Il settore indo-oceanico, a est di circa 50°E, è quello che nella figura mostra la maggiore apertura delle traiettorie, e proprio questa dispersione costituisce uno dei risultati più significativi dal punto di vista climatologico. Alcuni anni presentano una permanenza della fascia convettiva su latitudini relativamente meridionali, altri mostrano invece una più marcata risalita verso l’equatore o addirittura un rigonfiamento settentrionale verso il settore vicino all’Indonesia. Una tale variabilità è in pieno accordo con gli studi che attribuiscono alle anomalie di SST del Pacifico e dell’Indiano, nonché alla modulazione della circolazione di Walker, un ruolo chiave nella variabilità delle piogge dell’Africa orientale e dell’Oceano Indiano occidentale. Yang, Seager, Cane e Lyon hanno mostrato che la variabilità decadale delle long rains est-africane è dominata soprattutto da variabilità naturale associata alle SST del Pacifico tropicale, mentre Nicholson evidenzia il ruolo della circolazione zonale e delle condizioni dell’Indiano come componenti essenziali della modulazione pluviometrica regionale. Anche studi più recenti indicano che la fase della Madden–Julian Oscillation contribuisce in modo rilevante alla variabilità interannuale delle piogge dell’Africa orientale, soprattutto quando interagisce con i gradienti di temperatura superficiale nel Pacifico tropicale. In questo senso, la ventagliatura delle curve sull’Oceano Indiano suggerisce che la figura 12 stia registrando non un semplice “rumore” attorno a una climatologia media, ma l’effetto integrato di forzanti tropicali a diverse scale temporali, dalle SST interannuali alla modulazione intrastagionale convettiva.
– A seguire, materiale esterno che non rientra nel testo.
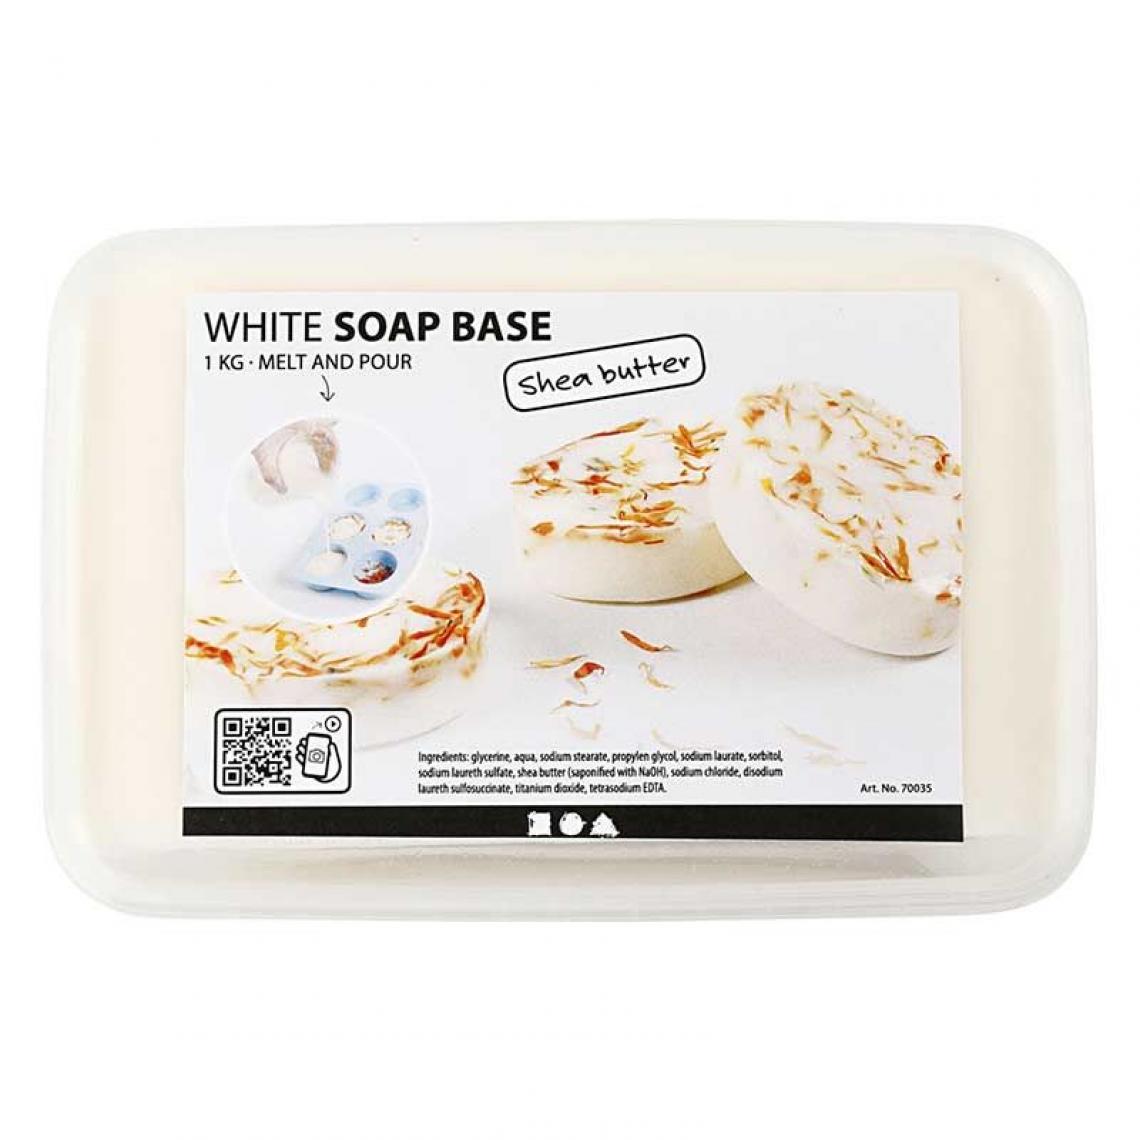 Creotime - Base de savon au beurre de karité 1 kg - Dessin et peinture

Un ulteriore aspetto rilevante della figura è che la variabilità non è uniforme lungo tutto il tracciato: essa è minima sull’Africa occidentale, cresce bruscamente sul settore est-africano e rimane elevata sull’Oceano Indiano. Questa struttura spazialmente eterogenea è coerente con l’idea che la ITCZ debba essere analizzata in chiave regionale e non soltanto zonal-mean. La teoria energetica spiega bene perché la fascia convettiva, in media, tenda a spostarsi verso l’emisfero relativamente più riscaldato; tuttavia, lavori più recenti hanno mostrato che le risposte della rain belt possono essere fortemente contrastanti da un settore longitudinale all’altro. In particolare, Mamalakis e colleghi hanno evidenziato che il comparto Eurasia–Africa orientale–Oceano Indiano tende a comportarsi in modo differente rispetto ai settori pacifico e atlantico, proprio perché la distribuzione del riscaldamento atmosferico e delle SST genera risposte longitudinalmente differenziate della ITCZ. Applicato alla figura 12, questo quadro teorico aiuta a comprendere perché il settore 20°E–130°E mostri traiettorie così complesse e variabili: non si tratta di un’anomalia del grafico, ma della manifestazione cartografica di una rain belt intrinsecamente sensibile alla struttura regionale del forcing.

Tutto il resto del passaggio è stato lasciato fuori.